# TASK ITEM:
Beginning with the line that contains "AI-outlet_parmax-scarpe-uomo-Romeo-Gigli-361vitner" and ending with the line that contains "Hair By Megan", reproduce the lines of the entries below exactly, omitting pictures.

# THE INPUT:
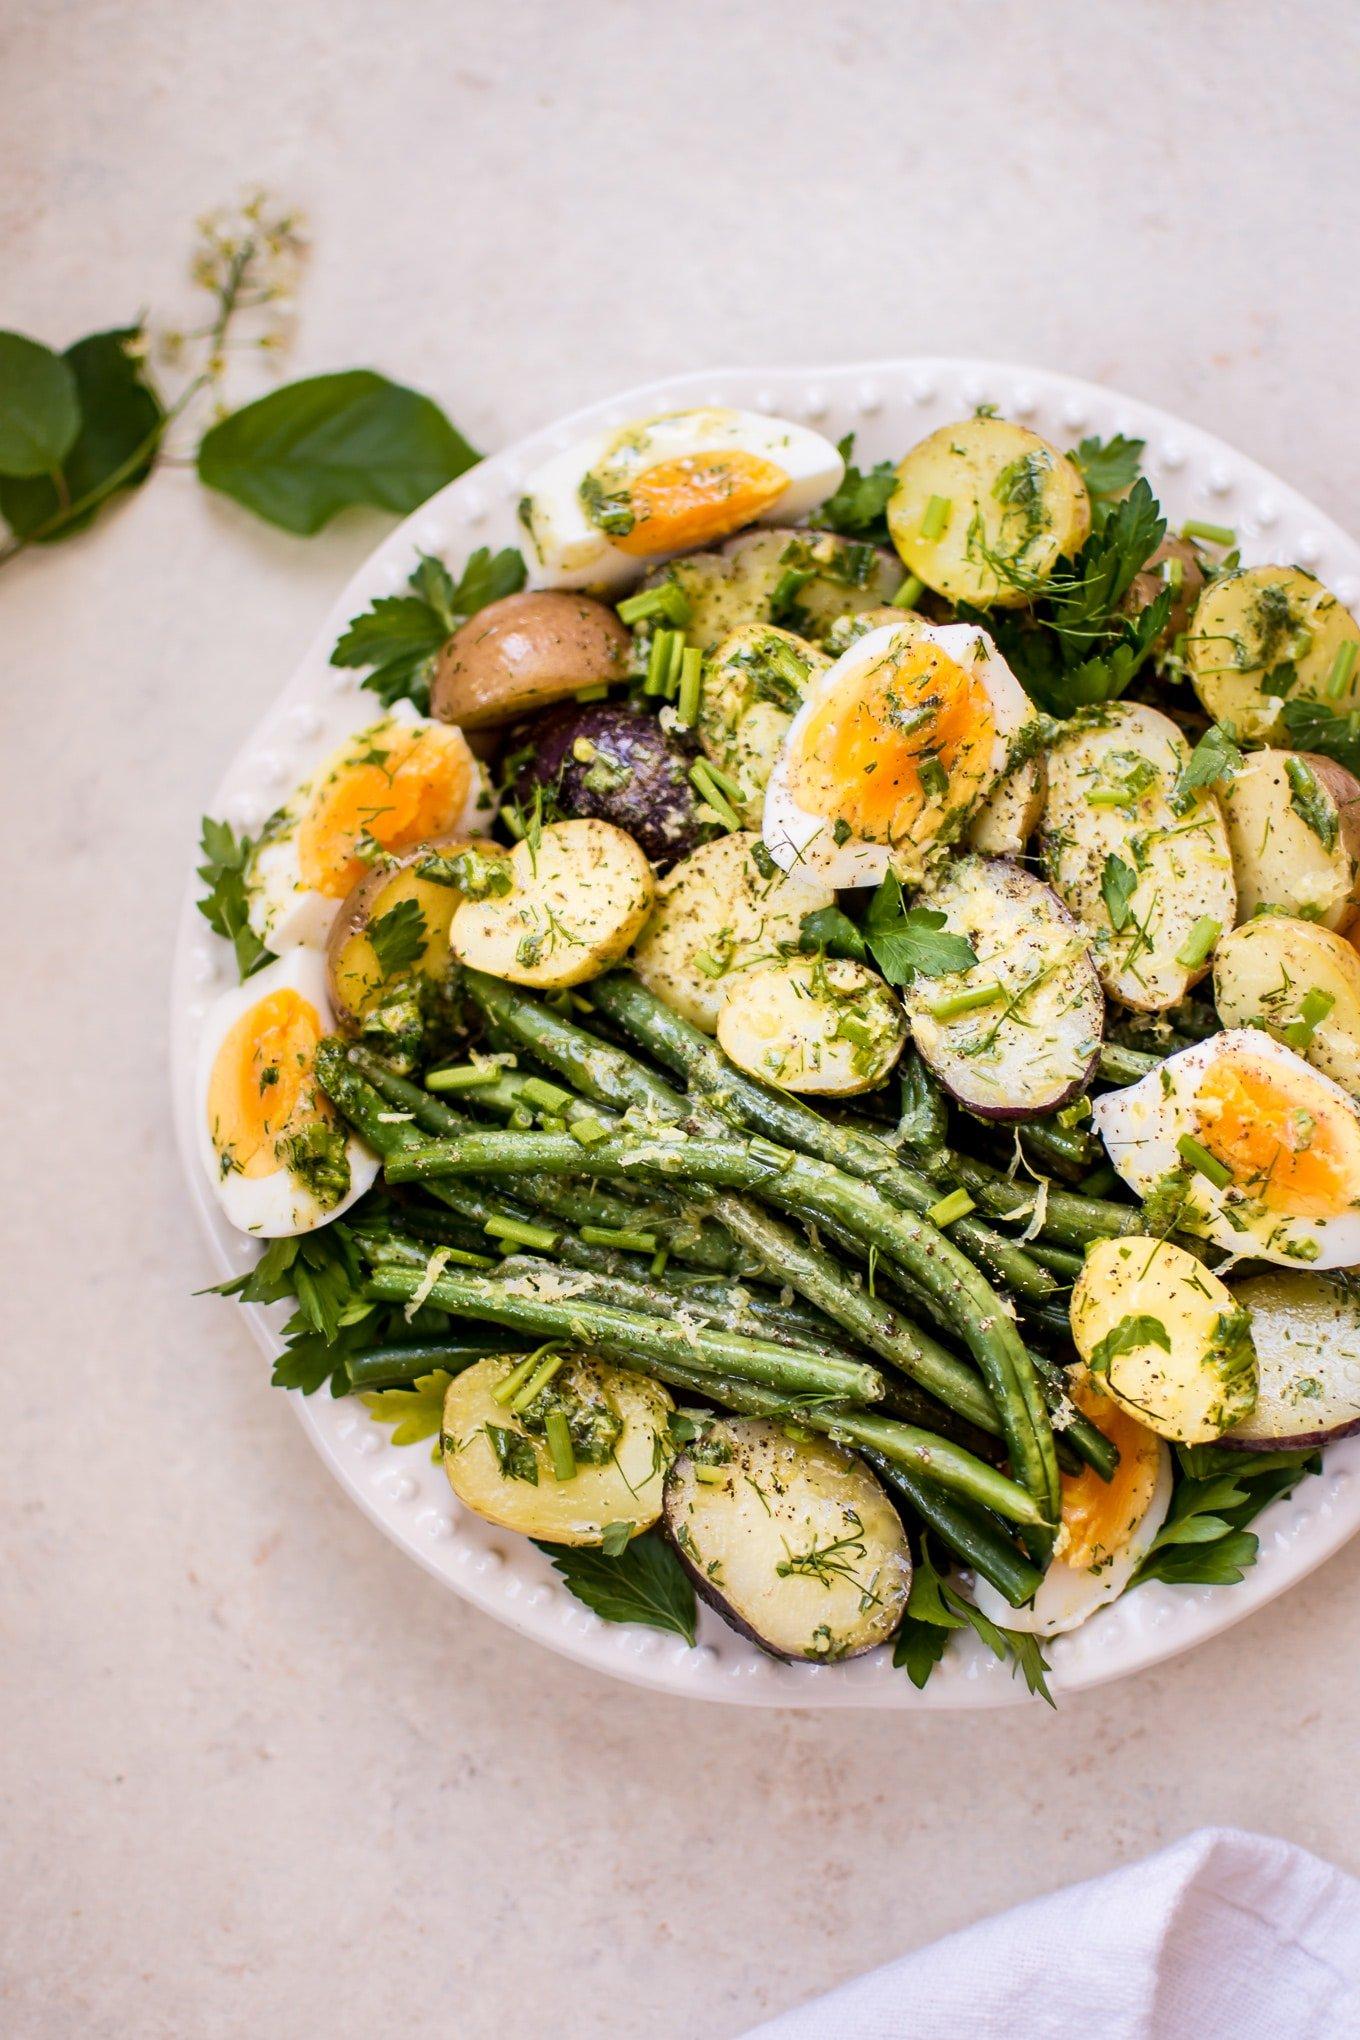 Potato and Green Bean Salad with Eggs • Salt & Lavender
---
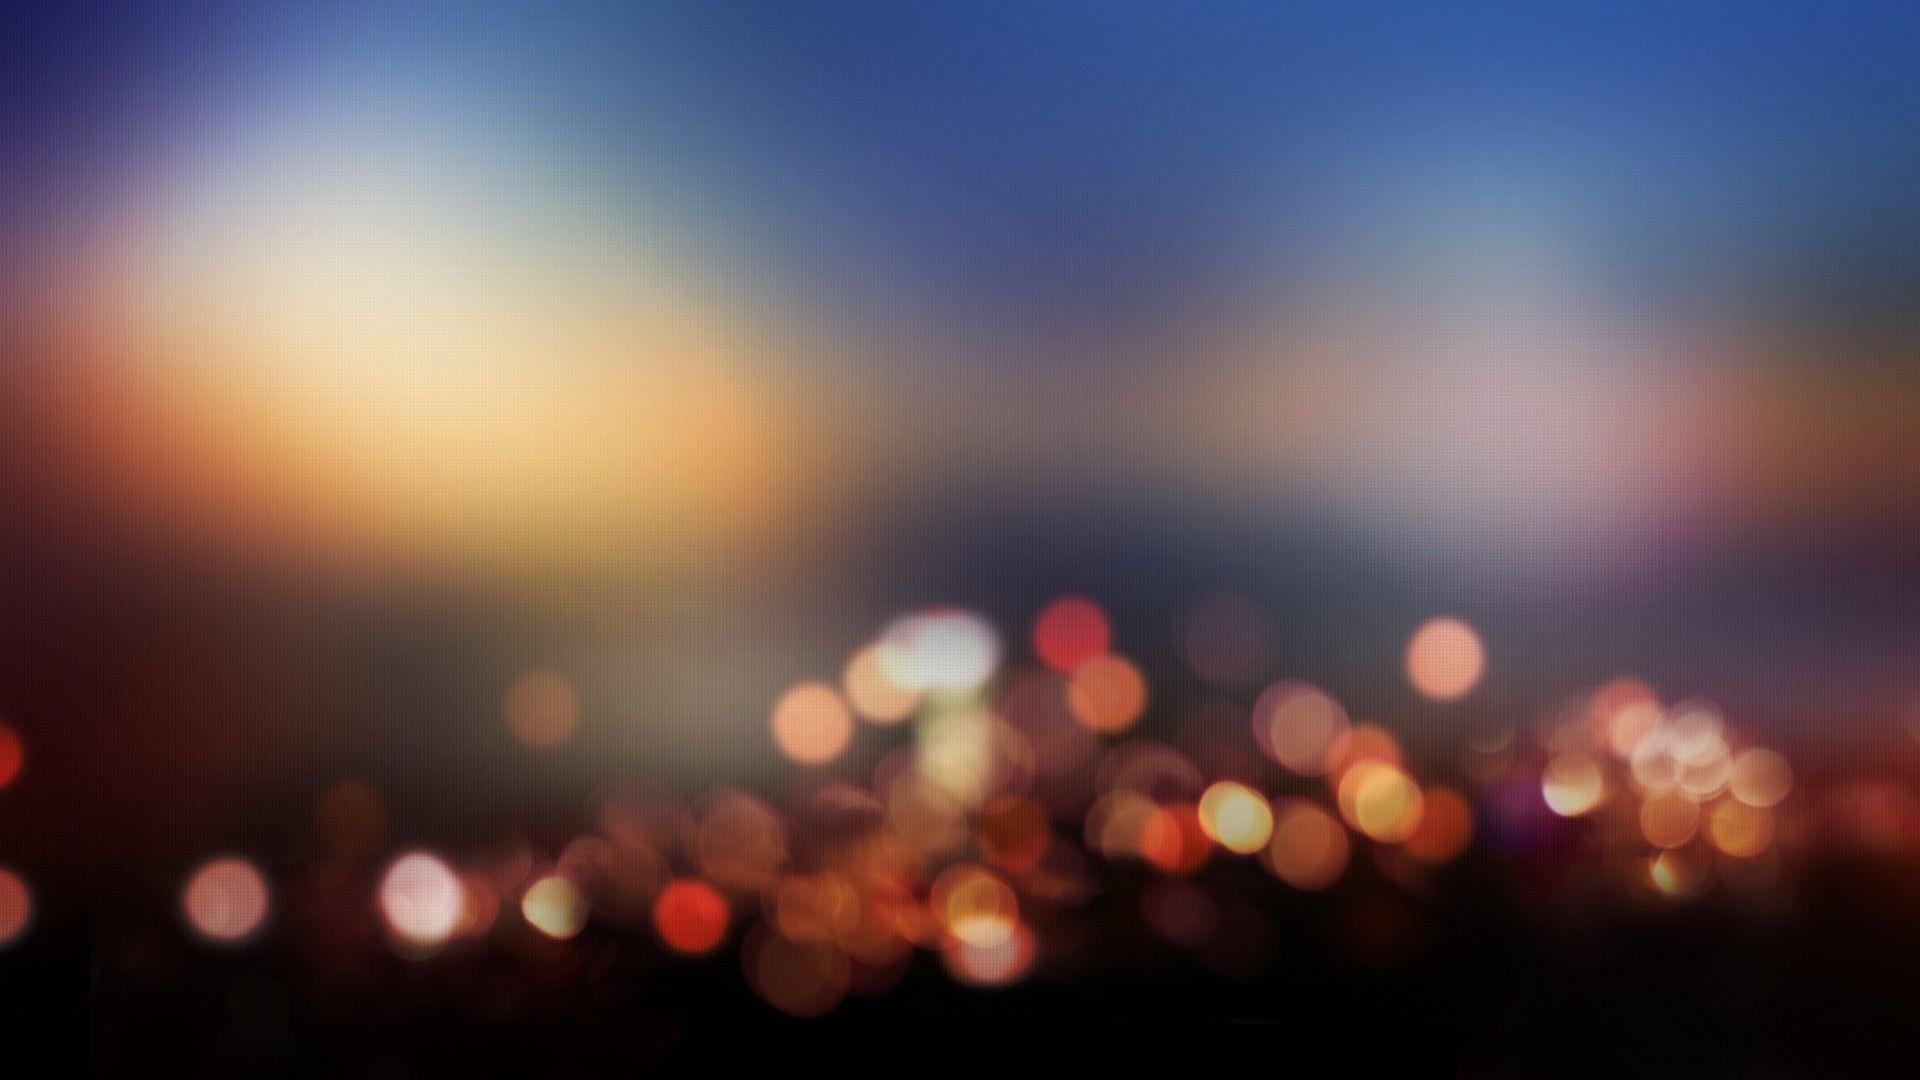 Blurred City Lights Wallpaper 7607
...
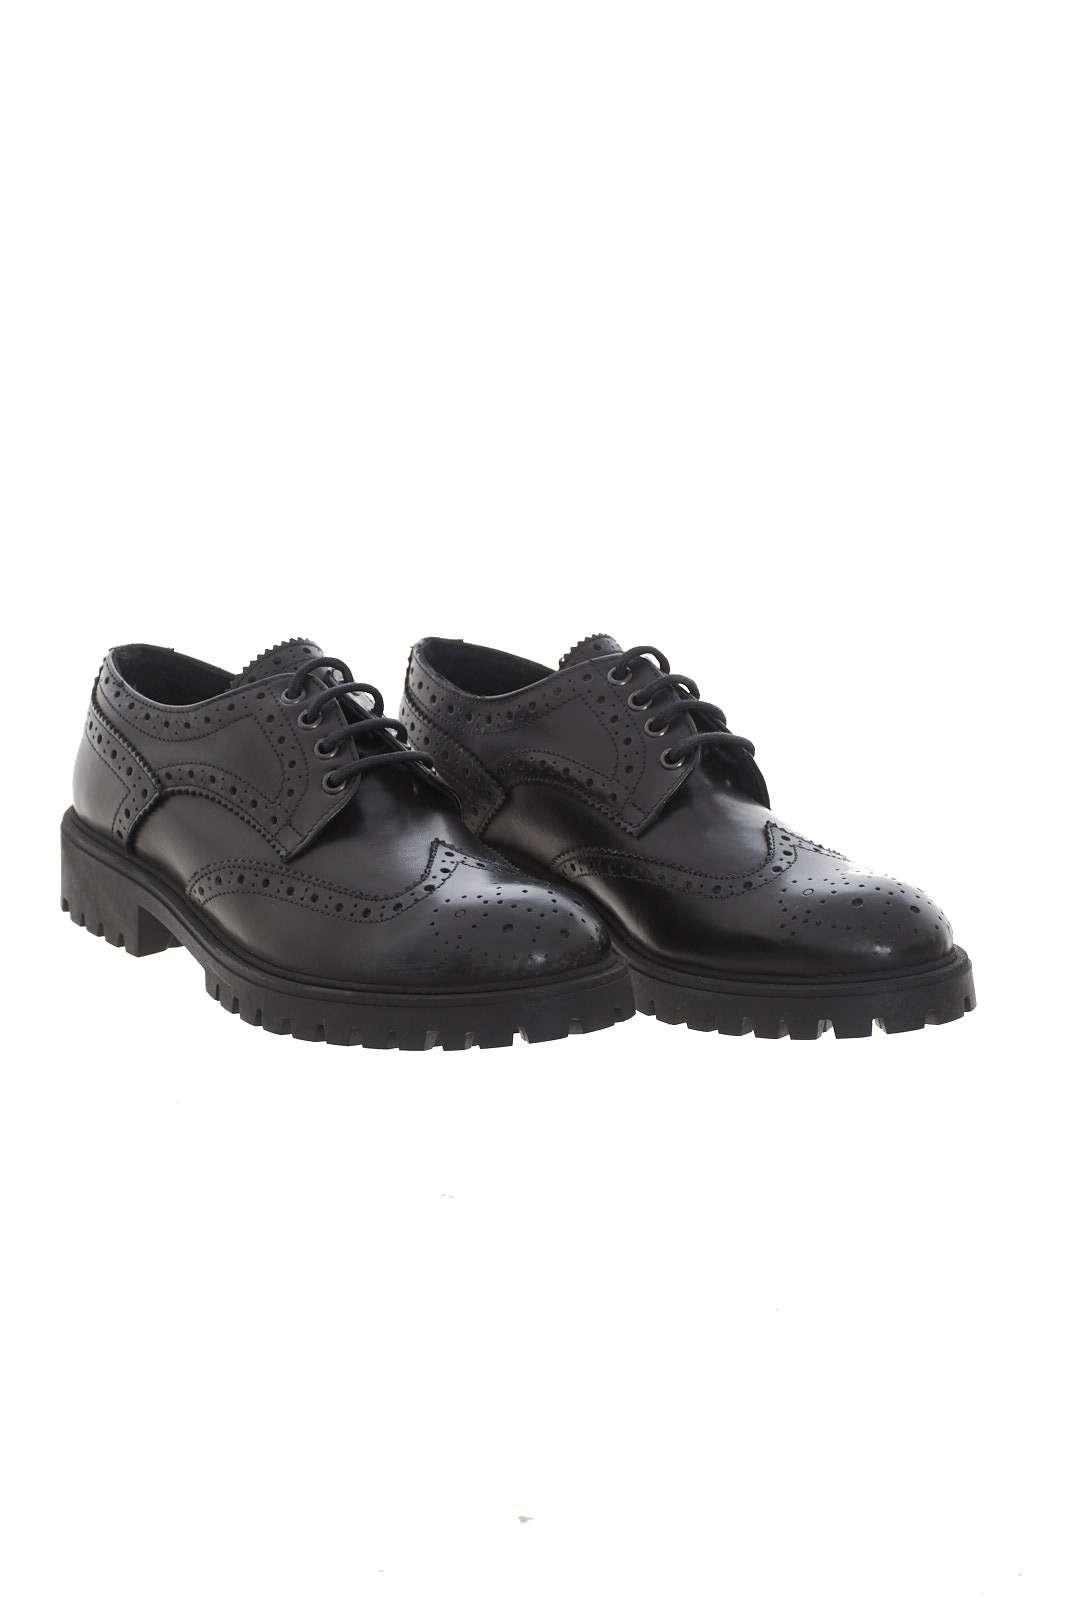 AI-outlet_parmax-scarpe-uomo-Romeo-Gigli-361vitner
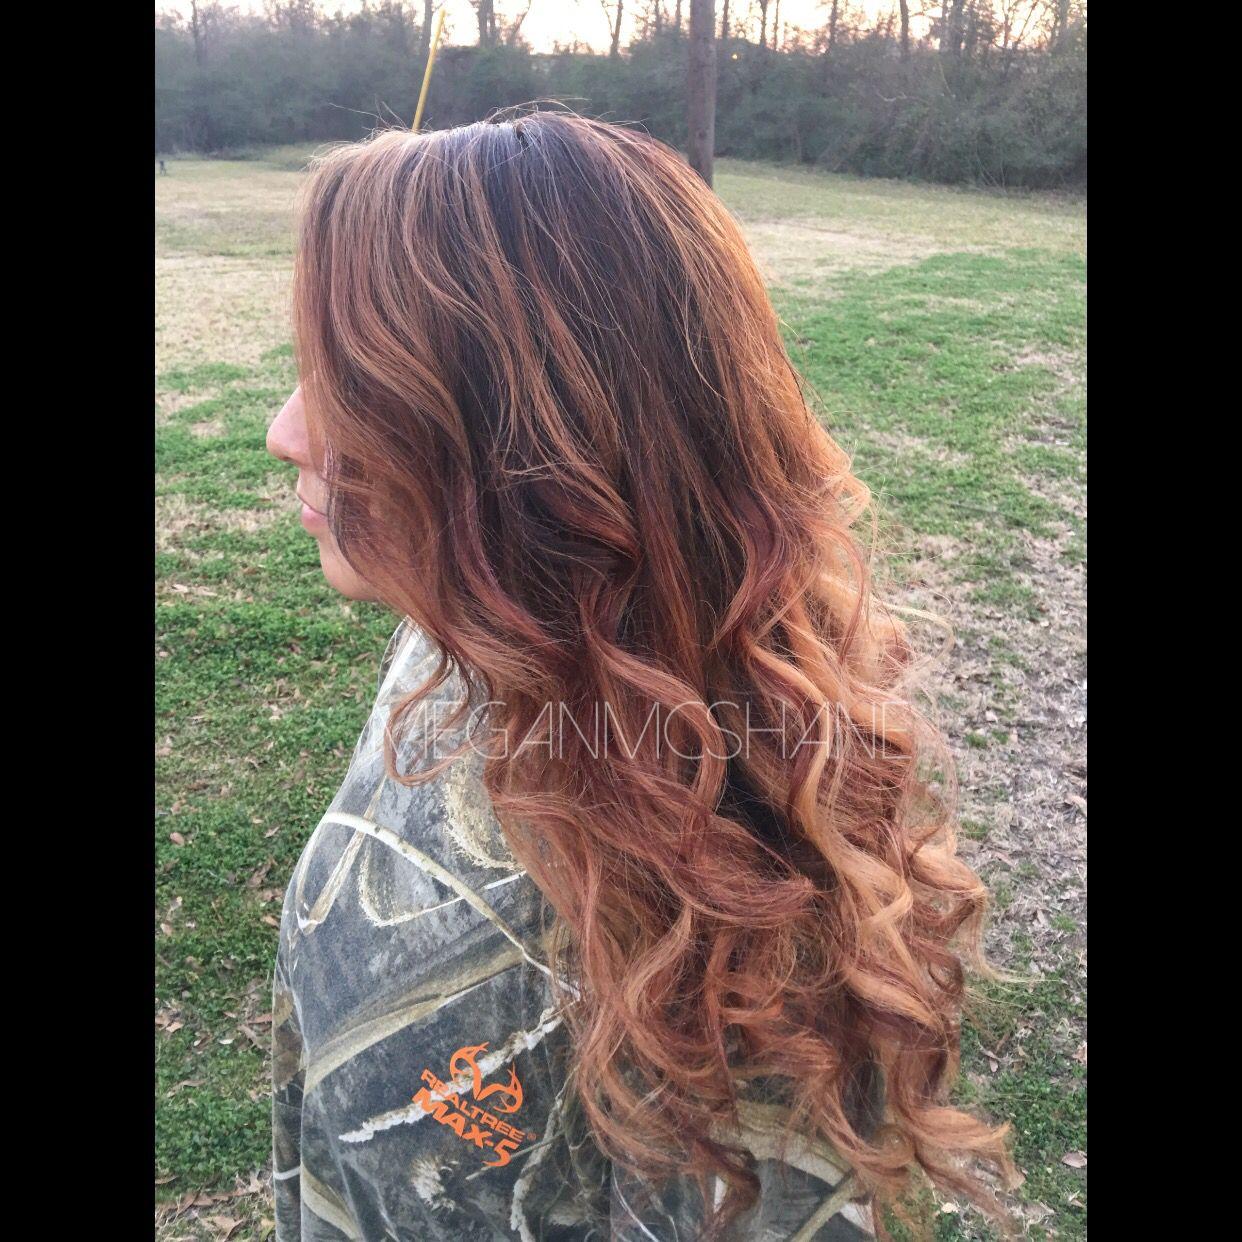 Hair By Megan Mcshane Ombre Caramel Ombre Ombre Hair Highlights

# RESPONSE AREA:
 AI-outlet_parmax-scarpe-uomo-Romeo-Gigli-361vitner
 Hair By Megan Mcshane Ombre Caramel Ombre Ombre Hair Highlights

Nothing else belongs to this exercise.